Его губы скользнули по кончику ее носа, по совершенной линии щеки. Они были прохладными и одновременно какими-то мягко успокаивающими. У нее было такое ощущение, что она плывет, и закрыла глаза, чтобы усилить его. Забыв об опасности, она подалась навстречу его мягким губам, которые легко касались ее горящей кожи.

— Ты так приятно пахнешь, — прошептал он хрипловато. — Что это такое?

— Жасмин, — прошептала она, открывая глаза. — Мой любимый аромат. Я с ним принимаю ванну.

— Как хорошо! — прерывисто вздохнув, он откинул голову назад.

— Мне пора. Я должна идти работать, — прошептала она.

— Я знаю.

Повернувшись, Джин выбежала из кабинета и устремилась по маленькому коридору в вестибюль, на ходу прихватив почту.

— Вирджиния! Джин!

Потянув дверь и выскользнув наружу, она бегом бросилась к автомобилю!

— Всего хорошего! — крикнула она на бегу.

Вымещая свое волнение на ни в чем не повинном автомобиле, она сердито повернула ключ зажигания, резким движением включила «дворники» и, сделав крутой разворот, тут же нажала на газ.

В четверг Майкл ждал ее все утро. Ярко сияло солнце, и он уже заканчивал крышу. Но каждые пять минут оглядывался, и это мешало работе.

Наступило десять часов, потом одиннадцать — Джин не появлялась. Он начал беспокоиться, не напугал ли он ее. Черт, он ведь даже не поцеловал ее вчера, хотя и был очень близок к этому. Но он контролировал себя и не хотел ее отпугнуть. Вирджиния слишком целомудренна для своих двадцати семи лет.
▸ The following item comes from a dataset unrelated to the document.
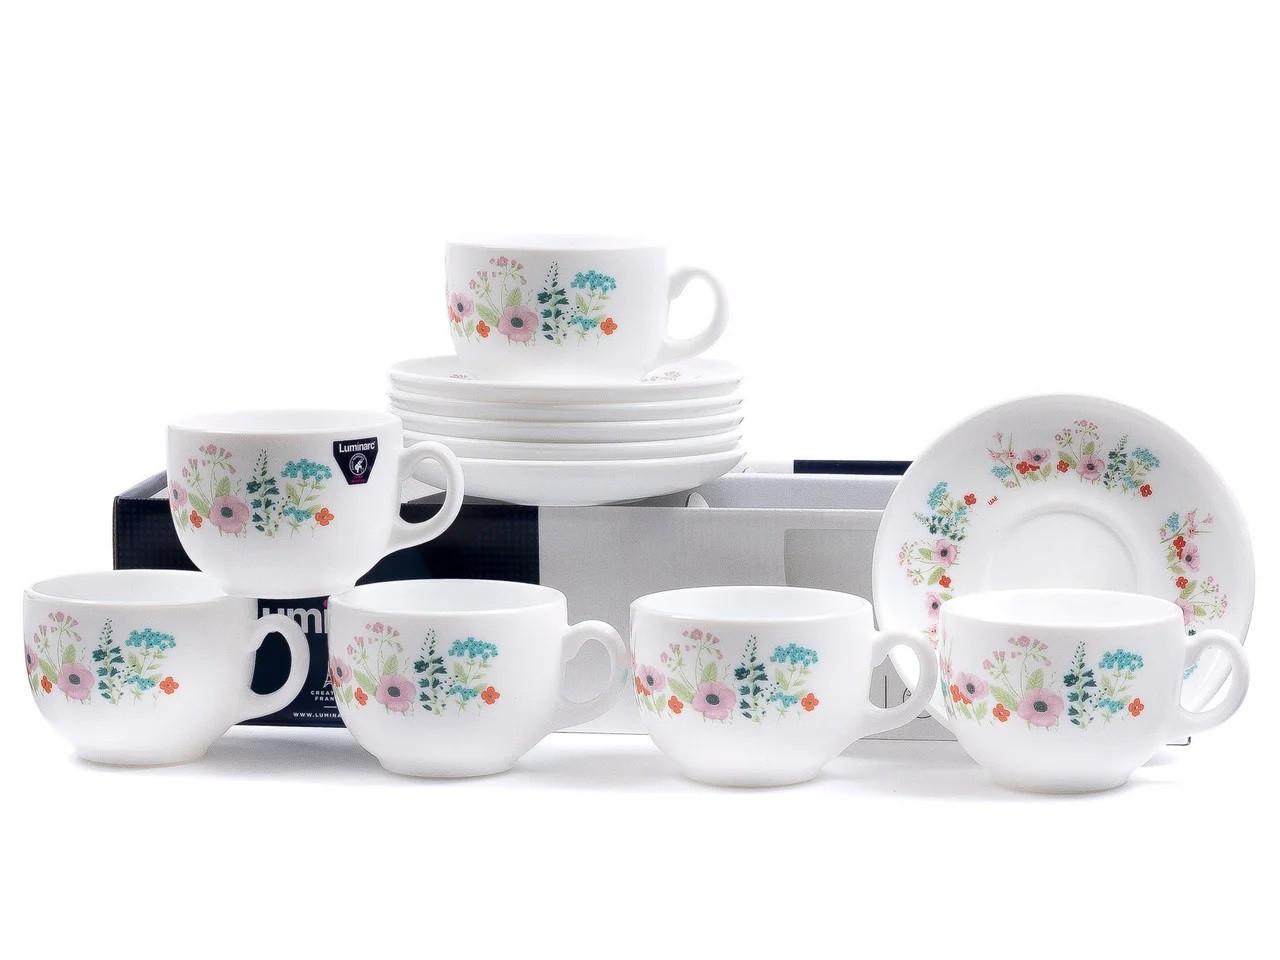 Чайный сервиз Luminarc Rose pompon на 6 персон

К полудню он уже устал ее ждать и, сам того не замечая, с остервенением колотил молотком по шляпкам кровельных гвоздей. Возможно, она позднее обычного начала свой обход. Или, может быть, сегодня у нее особенно много писем... А вдруг она заболела? Или сломалась машина?..

Он знал, что нет никаких оснований беспокоиться, и все же спокойным оставаться не мог. Джин уже успела покорить его сердце за те короткие три дня, в которые он узнал ее, за те еще более краткие минуты, которые провел с ней. И этот тонкий жасминный запах...
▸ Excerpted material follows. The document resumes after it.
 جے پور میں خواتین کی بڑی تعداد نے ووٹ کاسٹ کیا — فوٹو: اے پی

Ему почудилось, что Джин уже здесь, и он едва не потерял равновесие, изогнувшись, чтобы посмотреть. Но рядом с домом никого не было. Стуча молотком с еще большей яростью, он думал: неужели жасмин был таким наркотическим средством? Должно быть, так, если он маниакально, навязчиво стремится увидеть эту женщину. Наконец, бросив на землю инструмент, он собрал оставшиеся листы шифера и спустился вниз.

Банка пива немного освежила, но нисколько не успокоила. Подняв глаза, он увидел приближающегося почтальона. Мужчину. Это был Пол.
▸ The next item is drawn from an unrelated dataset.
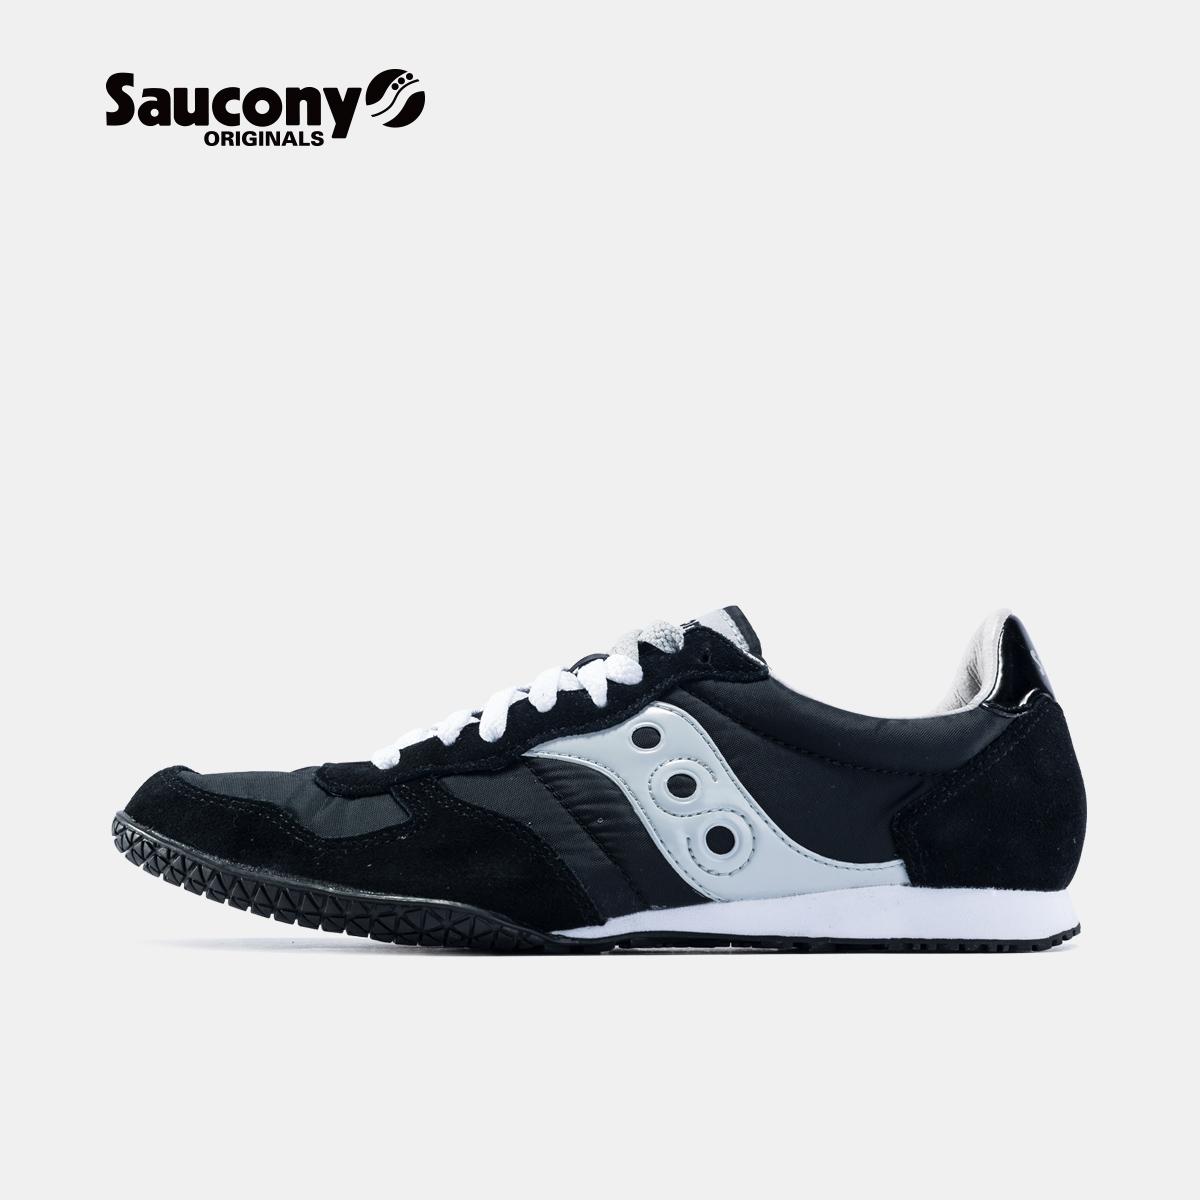 Saucony圣康尼BULLET轻便舒适透气耐磨运动鞋男子跑步鞋2943

Коротко кивнув, почтальон протянул ему несколько писем и журнал.

— Спасибо. Я вас раньше здесь не видел.

— Ну да. Я заменяю Джин. Она сегодня не работает.

— Заболела?

— Нет. Это ее обычный выходной. Она будет работать завтра и в субботу.

Глубоко вздохнув, Майкл кивнул.

— Ладно, пока, — помахав в знак прощания письмами, он пошел в дом, почувствовав облегчение от уверенности, что ничего плохого с ней не случилось. Слава богу, он, кажется, не отпугнул ее вчера своими действиями.

Суббота... Он не даст ей повода думать о нем дурно, если будет действовать достаточно деликатно.

3

Джин провела прекрасный выходной. Она съездила в Тарборо и прошлась по магазинам. Мотовкой она никогда не была, но все же позволила себе купить новое платье. Нежнозеленый цвет прекрасно гармонировал с ее волосами. Оно было до колен и без бретелек, а поддерживалось длинным широким поясом, который, дважды оборачиваясь под грудью и вокруг талии, завязывался на бедрах узлом. Платье было легкое, прохладное — для лета лучше не придумаешь. Она не могла устоять перед ним, как и перед парой белых туфель с тонкими ремешками, и перед пластинкой Шопена.

Вернувшись домой, она устроилась в своем — любимом кресле и, потягивая прохладный лимонад, погрузилась в мир музыки, слушая ее снова и снова.

Прекрасно выспавшись и в приподнятом настроении вышла она на следующее утро на работу. А свернув на усыпанную галькой дорожку, которая вела к дому Майкла, не смогла сдержать робкой улыбки. Он стоял на приставной лестнице, прислоненной к боковой стене дома, и счищал с нее краску.

— Привет! — крикнула она, приближаясь.

Покрепче ухватившись за лестницу, он сразу начал спускаться вниз.

— Я вижу, вы наконец-то надели обувь.

— Стоять на крыше — это одно, а на перекладинах лестницы — совсем другое. — Он взял полотенце и вытер шею. — Вы когда-нибудь пробовали стоять босиком на перекладинах? Это медленная пытка.

— Могу себе представить. — Она поглядела вверх. — Крышу вы закончили. Хорошо смотрится.

— Спасибо. Я ее закончил только вчера. Видели бы вы, как я долго там сидел, ожидая, пока вы придете...

В его тоне проскользнула обиженная нотка.

— О, мне очень жаль. Это был мой выходной. Я забыла предупредить вас.

Майкл слегка похлопал ее по руке.

— Ничего. До меня иногда медленно доходит. Я и сам должен был догадаться, раз вы не явились в обычное время.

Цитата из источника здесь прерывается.